QT4 CG draft minutes 041, 11 July 2023 from Norm Tovey-Walsh on 2023-07-11 (public-xslt-40@w3.org from July 2023)

From: Norm Tovey-Walsh <norm@saxonica.com>
Date: Tue, 11 Jul 2023 17:28:50 +0100
To: public-xslt-40@w3.org
CC: Matthew Patterson <matt@saxonica.com>
Message-ID: <m2o7kiv2a7.fsf@saxonica.com>

Hello folks,

Here are the minutes. Find also attached, a copy of Matt’s slide deck.

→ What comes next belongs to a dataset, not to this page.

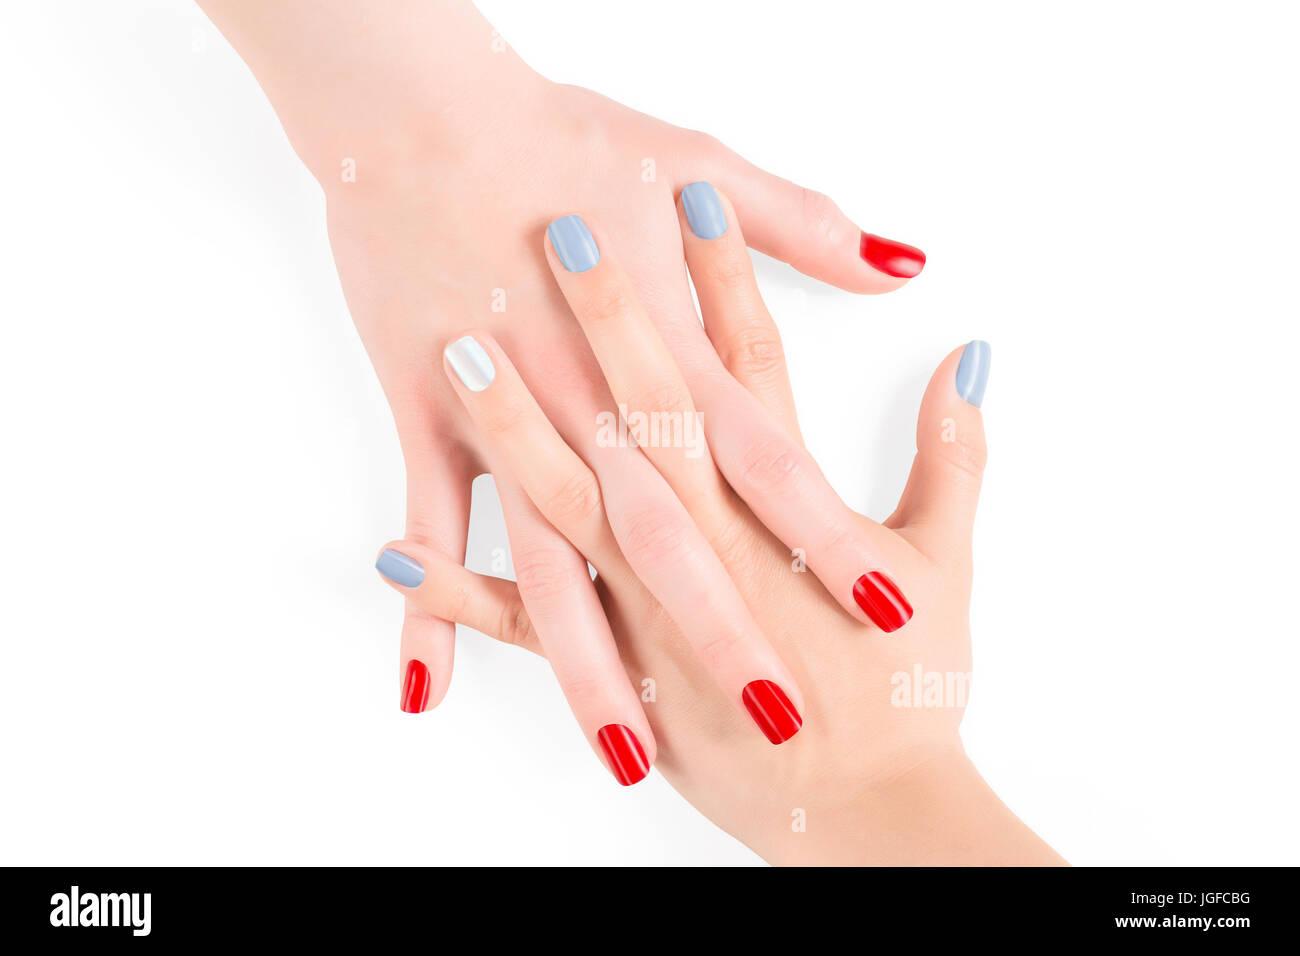 Femme avec les mains liées et bleu rouge laque, Vernis à ongles ...

  https://qt4cg.org/meeting/minutes/2023/07-11.html

QT4 CG Meeting 041 Minutes 2023-07-11

Table of Contents

     * [1]Draft Minutes
     * [2]Summary of new and continuing actions [0/5]
     * [3]1. Administrivia
          + [4]1.1. Roll call [11/11]
          + [5]1.2. Accept the agenda
               o [6]1.2.1. Status so far...
          + [7]1.3. Approve minutes of the previous meeting
          + [8]1.4. Next meeting
          + [9]1.5. Review of open action items [1/6]
          + [10]1.6. Review of open pull requests and issues
     * [11]2. Technical Agenda
          + [12]2.1. PR #533: 413: Spec for CSV parsing with
            fn:parse-csv()
     * [13]3. Any other business?
     * [14]4. Adjourned

   [15]Agenda index / [16]QT4CG.org / [17]Dashboard / [18]GH Issues /
   [19]GH Pull Requests

Draft Minutes

Summary of new and continuing actions [0/5]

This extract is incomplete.